Забывчивость, проявленная представителями власти, характерна для психологической позиции правительства. С того момента, как символ, носящий в себе угрозу монархической реставрации, был скрыт в глубине сибирских дебрей, воображаемый призрак сменялся в сознании руководящего правительственного центра реальной опасностью «республиканский реакции», как не совсем точно выразился в своих показаниях комиссии Шабловского Керенский [253]. Царская семья вышла из орбиты зрения правительства, и судьба ее была заслонена жгучими интересами текущей политической борьбы. Произошло это настолько прочно, что о «царственных пленниках» в Тобольске почти забыли. Согласно инструкции новый правительственный комиссар два раза в неделю посылал министру-председателю «срочные донесения» – и ответов не получал. В теории заключенные жили на собственный кошт, но фактически деньги шли через правительство. «Деньги уходили, а пополнений мы не получали», – вспоминал Кобылинский. Приходилось жить в кредит. В конце концов обратились к займам под векселя Кобылинского, Татищева и Долгорукова. Правительство забыло даже солдат, находившихся в охране, и до своего падения не удосужилось прислать обещанные Керенским перед отъездом «суточные». Конечно, здесь не было злого умысла. Спрошенный Соколовым, ответственный глава правительства мог только сказать: «Конечно, Врем. Прав. принимало на себя содержание самой царской семьи и всех, кто разделял с ней заключение. О том, что они терпели в Тобольске нужду в деньгах, мне никто не докладывал».

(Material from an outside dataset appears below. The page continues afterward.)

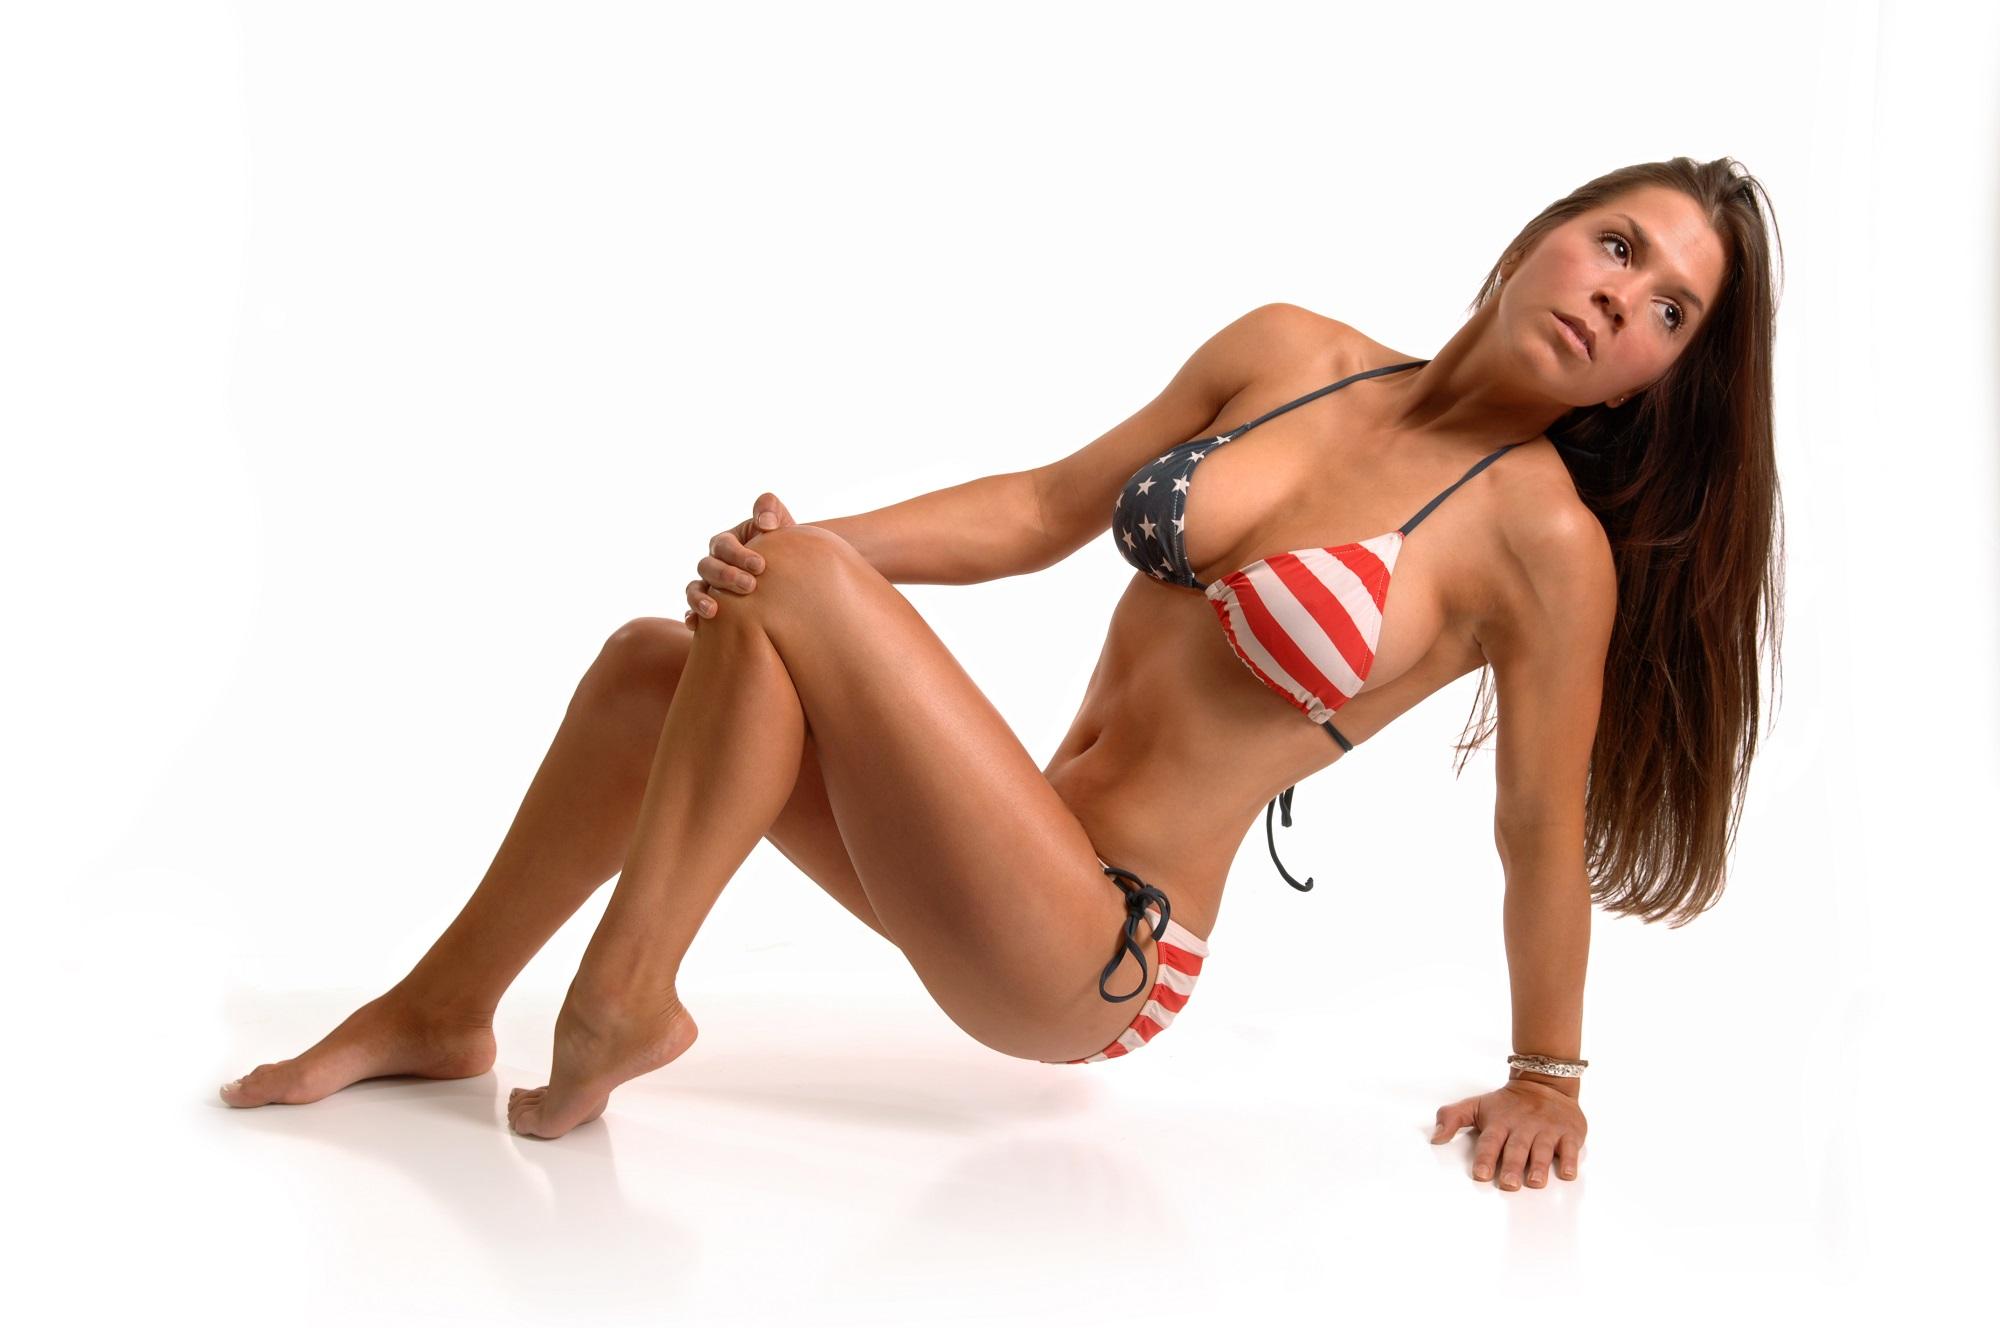 American flag bikini 8 Shutterstock A K Photo

Фактически распорядителем обихода царской семьи сделался правительственный комиссар, которому по инструкции всецело подчинен был и начальник отряда особого назначения. Самый выбор лиц, призванных наблюдать за заключенными, показывает, что революционная власть отнюдь не собиралась отягощать заключение: «Панкратов был человек умный, развитой, замечательно мягкий», – характеризует правительственного комиссара Кобылинский. Воспоминания самого Панкратова, нашедшего, по его словам, в лице Кобылинского «лучшего, благородного, добросовестного сотрудника» [254], подтверждают такую характеристику: комиссар довольно благожелательно относился к «царственным пленникам» и всегда готов был облегчить их положение в пределах полученной инструкции (на него удручающее впечатление произвело то, что при представлении ему в первый раз члены семьи выстроились в «стройную шеренгу, руки по швам – так выстраивают содержащихся в тюрьме при обходе начальства»). «Панкратов сам лично не был способен совершенно причинить сознательно зло кому-либо из семьи, но тем не менее выходило, что семья страдала», – показывал Кобылинский. Отчасти это объясняется узкой и прямолинейной демократичностью выбранного Панкратовым себе в помощники прап. Никольского, с которым старый шлиссельбуржец сошелся еще в дни ссылки в Якутской области.

«Никольский, – характеризует его Кобылинский, – грубый бывший семинарист, лишенный воспитания человек, упрямый, как бык, направь его по одному направлению, он и будет ломиться, невзирая ни на что». Дело было, конечно, не в наружной «вульгарности» Никольского, отмечаемой Боткиной-Мельник («рабочий или бедный учитель» – записал Царь свое впечатление 1 сентября), а, по-видимому, в том, что этот партийный с. р. (одно время он был председателем тобольского совета), человек, вероятно, очень идейный («смелый и бескорыстный друг», – называет его Панкратов), но не очень умный, с упрямой настойчивостью пытался соблюдать до некоторой степени внешнюю форму тюремного содержания для тобольских «пленников» [255]. Здесь сказывалось роковое основное противоречие, которое заключалось в двойственном положении заключенных: политическая изоляция (ссылка) и охрана семьи от эксцессов революции. В качестве иллюстрации настойчивости помощника Панкратова Кобылинский рассказывает, как по его настоянию были сделаны специальные фотографические карточки с подписью с номерами для членов свиты и служебного персонала для выходов на волю. «Нас, бывало, заставляли сниматься и в профиль и в лицо», – мотивировал Никольский свое требование. Он же поднял целую историю, когда наследник выглянул из своего заключения через забор. Одна из свидетельниц показывала Соколову (вероятно, преувеличивая), что Никольский имел терпение и «глупость» (добавляла она) из окна своей комнаты наблюдать за тем, «чтобы ребенок не позволял себе такой вольности». Может быть, отсутствие такта и преувеличивало сильно сознательную злонамеренность Никольского [256].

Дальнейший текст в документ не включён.